Banking giant JPMorgan (NYSE: JPM) kicked off the Q1 earnings season by reporting its quarterly results today. In Q1 of 2022, JPMorgan reported earnings of $2.63 per share which was below consensus estimates of $2.69 per share. In the year-ago period, its adjusted earnings stood at $4.5 per share.
Comparatively, its revenue stood at $31.59 billion, compared to estimates of $30.86 billion. In the year-ago period, JPMorgan reported revenue of $30.52 billion. We can see that the banking heavyweight beat consensus revenue estimates but failed to surpass earnings forecasts in Q1 of 2022. At the time of writing, JPM stock is down 1.5% in pre-market trading.
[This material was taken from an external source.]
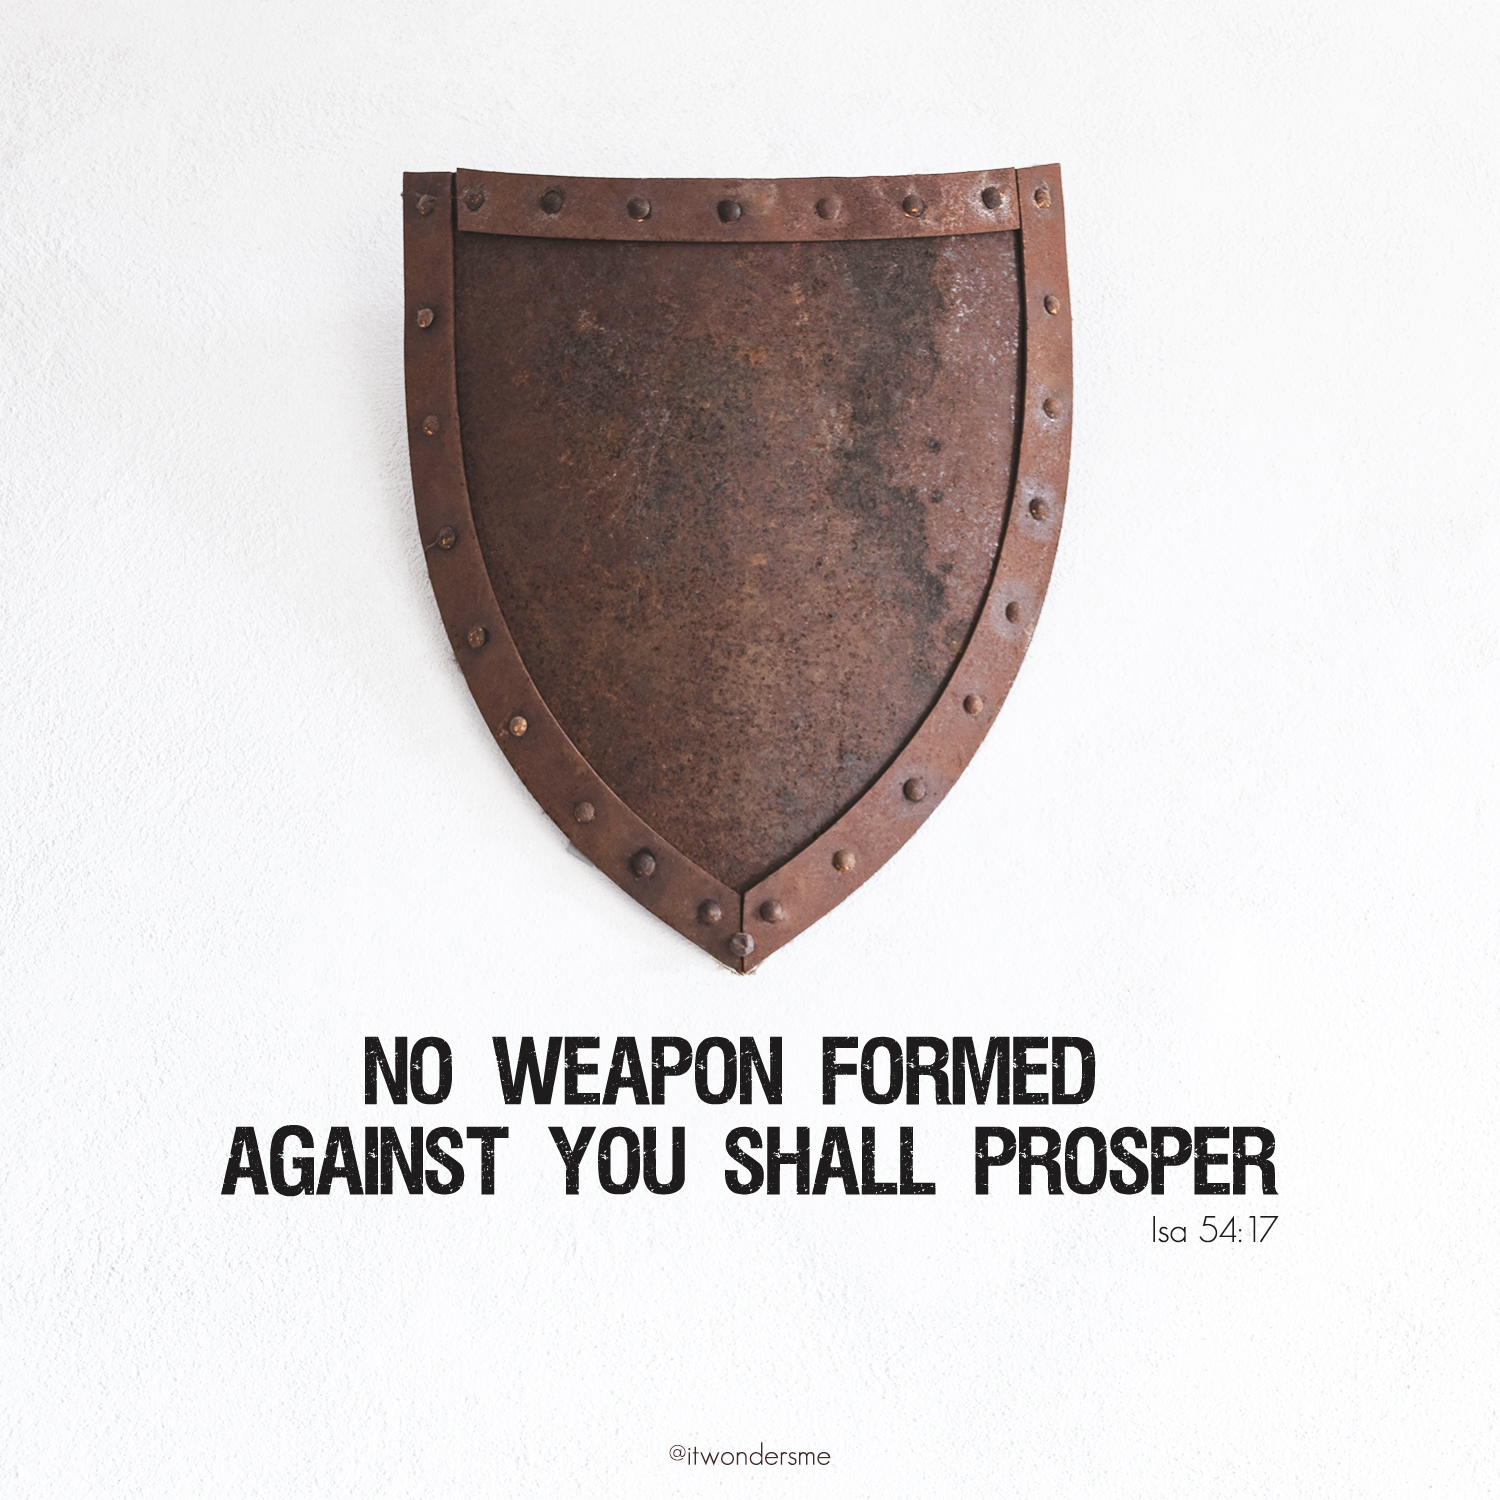 No weapon formed against you shall prosper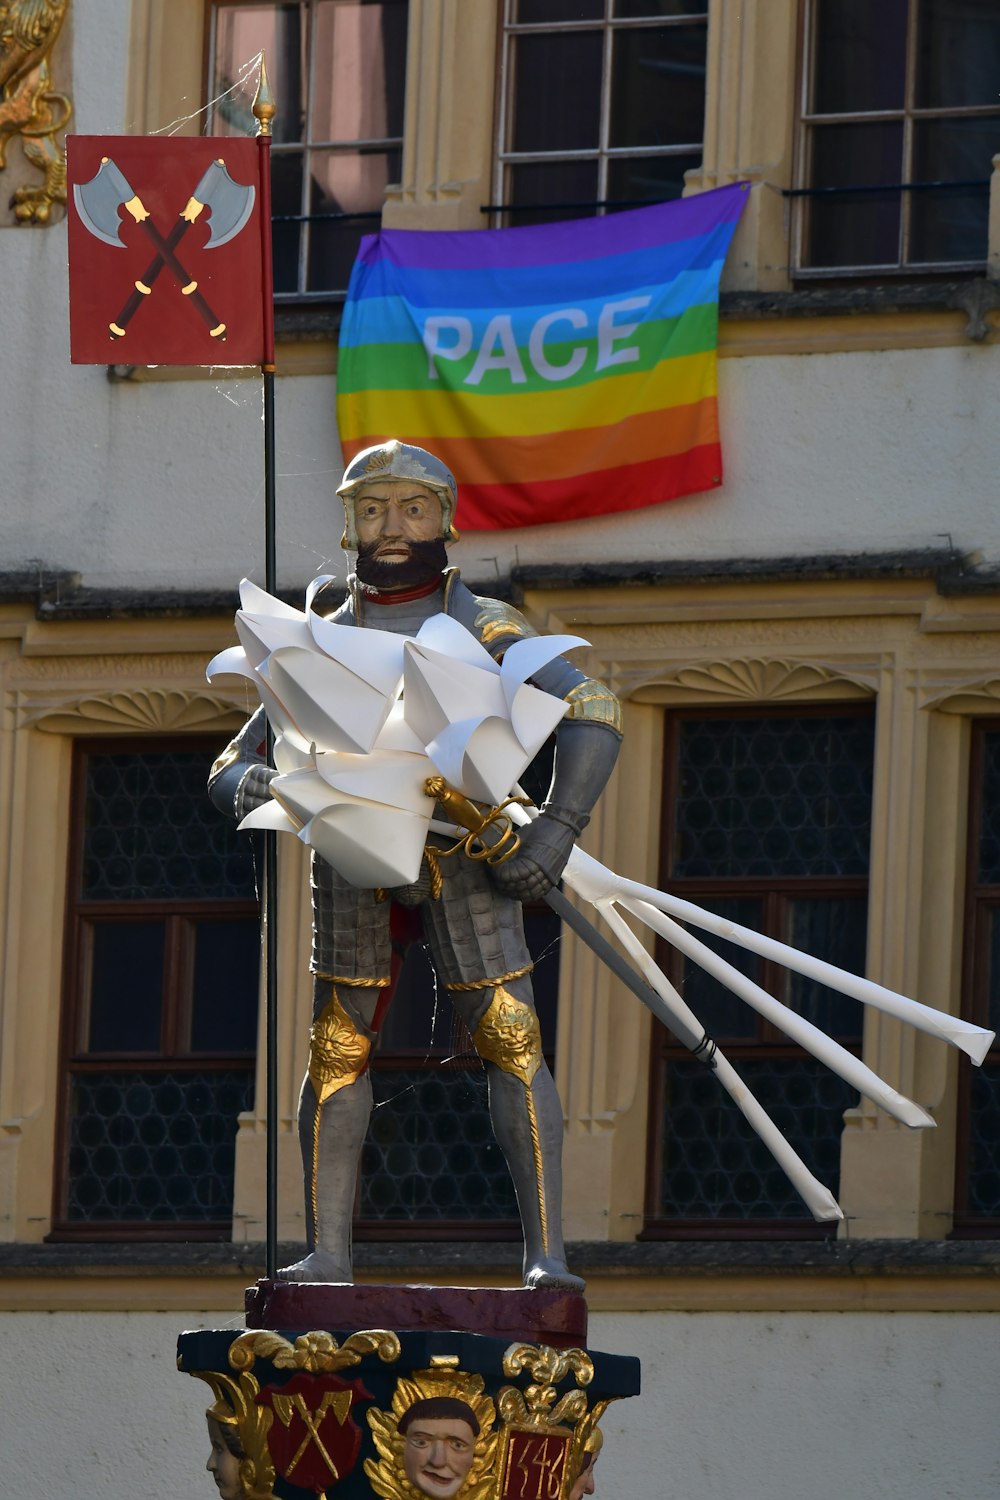 a statue of a person holding a flag

What impacted JP Morgan in Q1 of 2022?
JPMorgan is the largest U.S. bank in terms of assets and was the first among the megabanks to disclose Q1 results. The report released earlier today showcased a less than impressive quarter for JPMorgan on the back of a shaky start to the year. Investors remain worried about a slew of macro-economic factors that are weighing heavily on companies including geopolitical tensions and supply chain disruptions.
In Q1 of 2022, JPMorgan reported a net income of $8.3 billion, representing a year-over-year decline of 42%. Its investment banking division also underperformed in the March quarter as its sales stood at $2.1 billion, compared to estimates of $2.25 billion. The revenue miss in this segment is attributed to the ongoing war between Russia and Ukraine resulting in muted deal activity in Europe.
Further, investment banking fees plunged by 31% year over year as a result of lower debt underwriting and equity activity.
Company CEO, Jamie Dimon stated, “We remain optimistic on the economy, at least for the short term but see significant geopolitical and economic challenges ahead due to high inflation, supply chain issues and the war in Ukraine.”
Will higher interest rates benefit JPMorgan?
There are a few metrics that investors follow closely to analyze the performance of banking companies. One such metric is the net interest income which is the difference between what a bank earns on loans and the interest paid to depositors.
Rising inflation numbers might lead to multiple interest rate hikes this year, which is viewed as a positive development for banking companies. However, if interest rates are hiked too aggressively, economic activity might take a hit and result in a recessionary environment, which in turn will impact JPMorgan’s lending business. In Q1, JPMorgan reported a net interest income rose 7% to $14 billion.
In 2021, JPMorgan and several other banks saw a surge in profit margins due to the release of COVID-19 related allowances for credit losses which were accumulated at the start of the pandemic to offset delinquency rates. But now the boost in the bottom line associated with these reserves should wind down in the upcoming quarters.
In fact, Wall Street expected $900 million in Q1 reserve releases compared to $1.8 billion in Q4 of 2021. Further, analysts also expect JPMorgan’s earnings to decline by 28% year over year to $11.07 per share in 2022.
What next for JPM stock investors?
In the Q4 earnings call, JPM CEO Jeremy Barnum warned investors of higher operating expenditures that were up 11% year over year at $17.9 billion. This figure is forecast to rise to $19.5 billion in Q1 of 2022.
Barnum then emphasized, “It is true that labor markets are tight, that there’s a little bit of labor inflation, and it’s important for us to attract and retain the best talent and pay competitively according to performance.”
JPM stock has returned close to 300% to investors in the last 10 years but continues to trade at an attractive price to earnings multiple of 12x. Analysts tracking JPM stock expect it to gain another 20% in the next 12-months, after adjusting for its dividend yield of 3%.